An ElementTree object is a specialized data structure that mimics the hierarchical features of XML.  Reading it is straightforward, and a variety of atributes and methods are attached to the overall tree and to its various branches and leaves. In the original document only subelements are used, but no attributes; I added attributes for demonstration.

> The data associated with this notebook can be found in the files associated with this course

In [32]:
from pprint import pprint
import xml.etree.ElementTree as ET

tree = ET.parse('data/quran.xml')
root = tree.getroot()
root.tag, root.attrib

('tstmt', {'attr1': 'Test1', 'attr2': 'Test2'})

The methods `.find()` and `.findall()` are available on each subelement to locate nested subelements (children) of a given element.

In [33]:
suras = tree.find('suracoll').findall('sura')

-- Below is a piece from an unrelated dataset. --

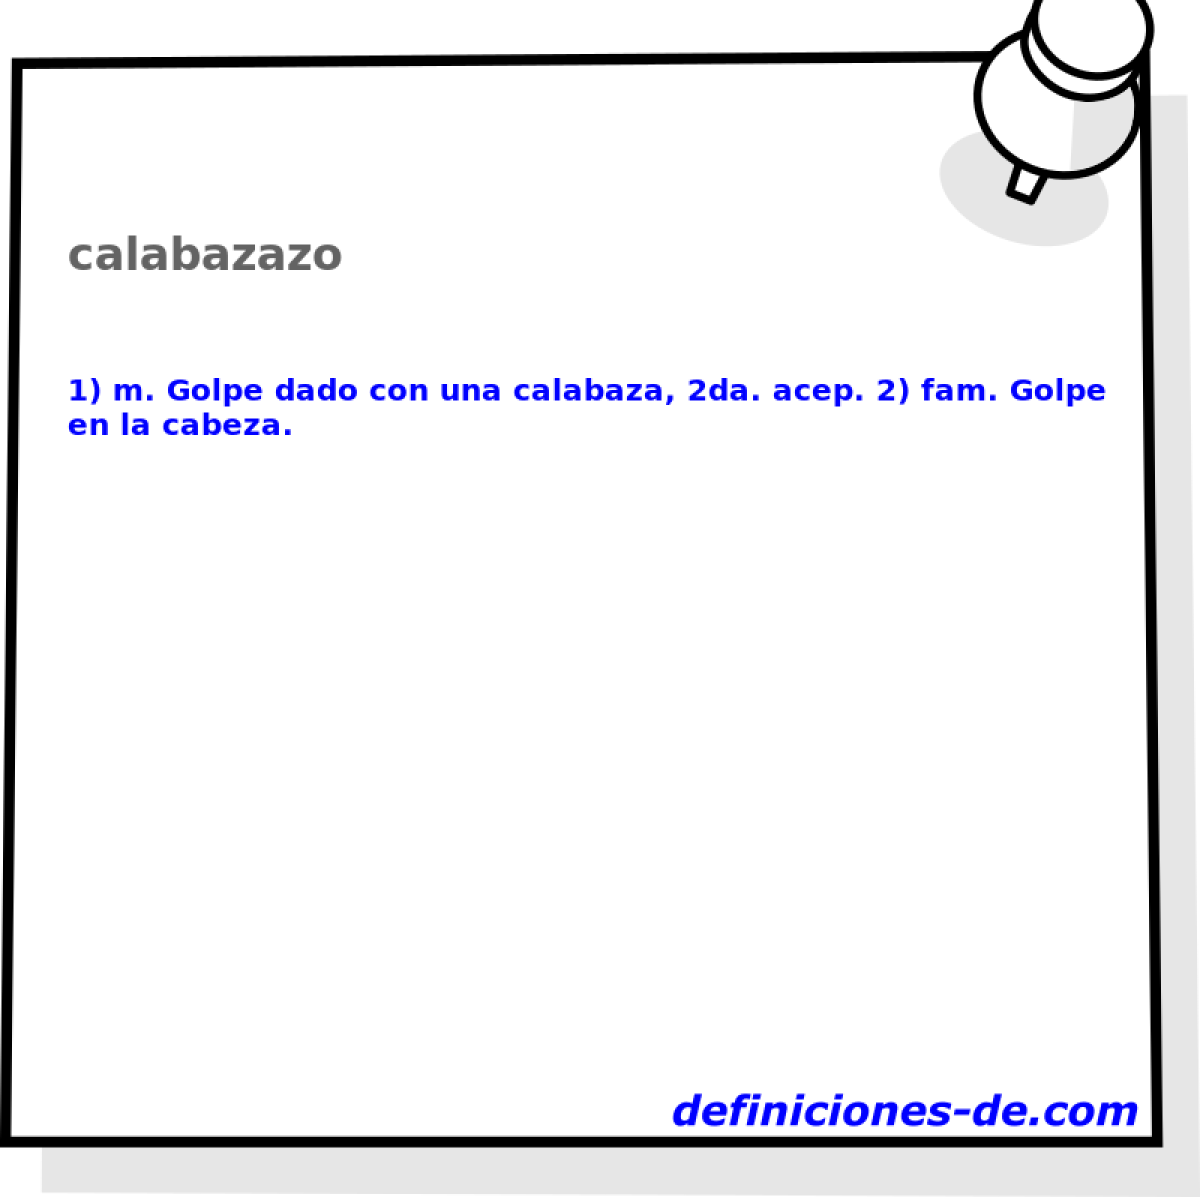 calabazazo

print("Number of suras:", len(suras))
print("Structure of sura 101:")
print([elem.tag for elem in suras[100]])

Number of suras: 114
Structure of sura 101:
['bktlong', 'bktshort', 'epigraph', 'v']


To find children that may be more deeply nested, the `.iter()` method is often appropriate.  For example, we can find the 114 nested suras.

In [34]:
suras = list(tree.iter('sura'))
sura101 = suras[100] # zero-based Python
len([sura for sura in suras])

114

We might wish to view the text within child elements, for example.

In [35]:
for verse in sura101.findall('v'):
    print(verse.text)

The Striking Calamity.


## Modifying an Element

Using methods of elements, we may modify either attributes or children. In this example, we are not following the schema, but instead inventing a new element not defined in the DTD. After we have added an element and some content and attributes to that element, we might serialize the modified element as XML.  For illustration, a comment is also added.

In [36]:
sura101.append(ET.Comment("Demonstrate a comment"))
child = ET.SubElement(sura101, 'external')
child.text = "\n*** This text is not part of Quran! ***\n"
child.set('silly', 'yes')
child.set('discard', "True")

In [None]:
ET.dump(sura101)

# What Is Missing?

There are a number of XML features this lesson simply has not considered.  If we look at validation, entity resolution, namespaces, CDATA sections, character encoding and escaping, and some additional concepts you will need for robust XML processing.  For this lesson, and the next two, we just want you to be familiar with basic serialization and deserialization between Python and XML.

Understanding XML in full is its own longer course, and is not usually something you need to know for the basic handling, of the sort we show.